What did you modify in ldc to try and get it to work with the NDK
and compile an Android-compatible binary?
I spent some time setting up the appropriate VMs and looking at
the relevant Android dev tools myself. It appears that the
Android NDK uses a lightly patched version of stock llvm/clang
3.3, along with the gold linker. Their patches are available
online:
https://android.googlesource.com/toolchain/llvm/+log/release_33
https://android.googlesource.com/toolchain/clang/+log/release_33
Their llvm is the same as llvm 3.3 until commit ce33750 and clang
is the same until commit 20c7d45. The stock llvm/clang 3.3 have
some limited support for Android, not much. I'm going to start
going through those patches next.
Since there are only about 50-100 llvm/clang patches, many of
them architecture-specific and so not necessary, this suggests
that the Android ABI is not that different from linux. Although,
when I ran ldd from Arch linux on an x86 sample app compiled by
the NDK, it said "error while loading shared libraries:
/usr/lib/libc.so: invalid ELF header," suggesting there is some
difference. They wrote their own ldd for the NDK, which works
fine with their generated code:
https://android.googlesource.com/platform/ndk/+/master/sources/host-tools/ndk-depends/ndk-depends.cc
Turns out I was wrong earlier when I said I'd compile D to pure
native, as opposed to a shared library pulled in through JNI, as
the former is not possible on Android. I saw some docs earlier
where they said you can write pure native apps now and you can,
but I now see that you still have to compile it to a shared
library, because they want everything sandboxed within Dalvik.

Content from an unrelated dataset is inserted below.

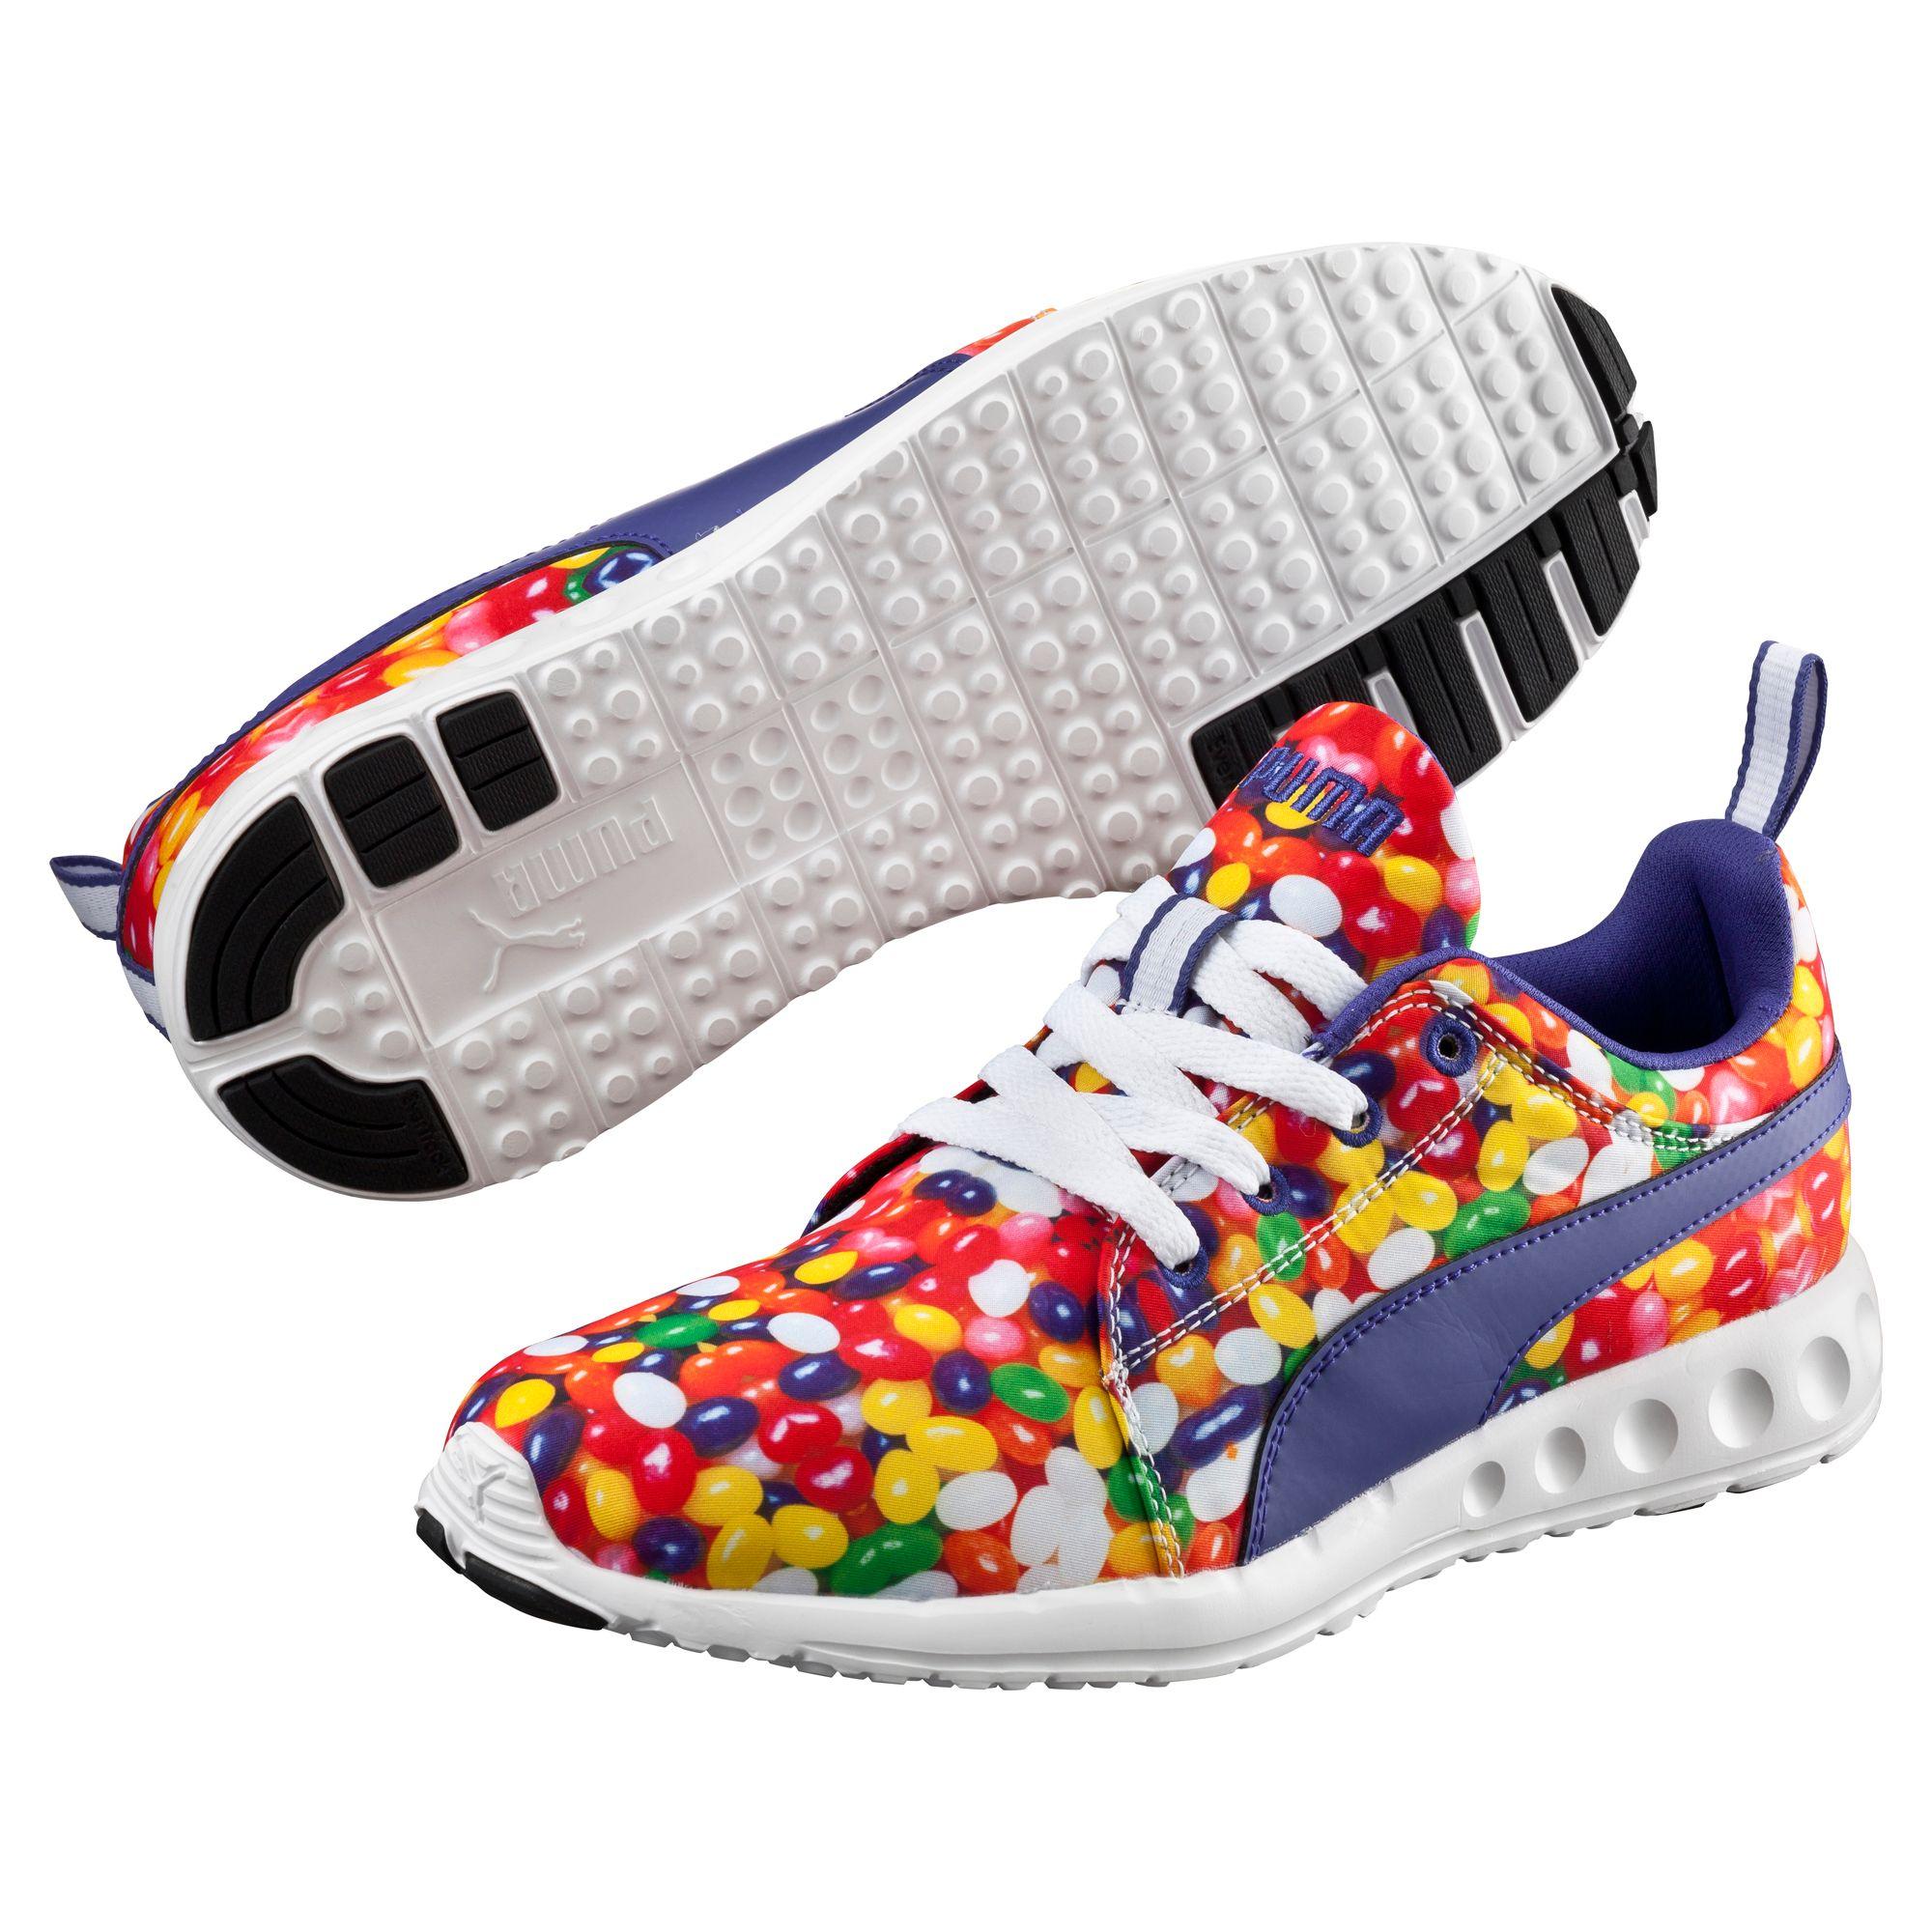 puma shoes women radio sonde data format

You provide an android_main function as the entry point from
Dalvik into the native app/library, so shared library support and
some JNI compatibility are necessary for D to work on Android.
It appears the next steps to get D working on Android/x86 are:
1) Get a basic D "hello world" shared library to compile and run
on Android, by modifying dmd to generate an Android-compatible
shared library.
2) Get druntime and phobos working as much as possible.
3) Translate the remaining native Android API headers so they can
be called from D.
I was hoping to mostly work on 2), but it appears there's some
work for 1) that has to be done first. If anybody else wants to
help with 1), you too can take a look at the above llvm/clang
commits and let us know what you find.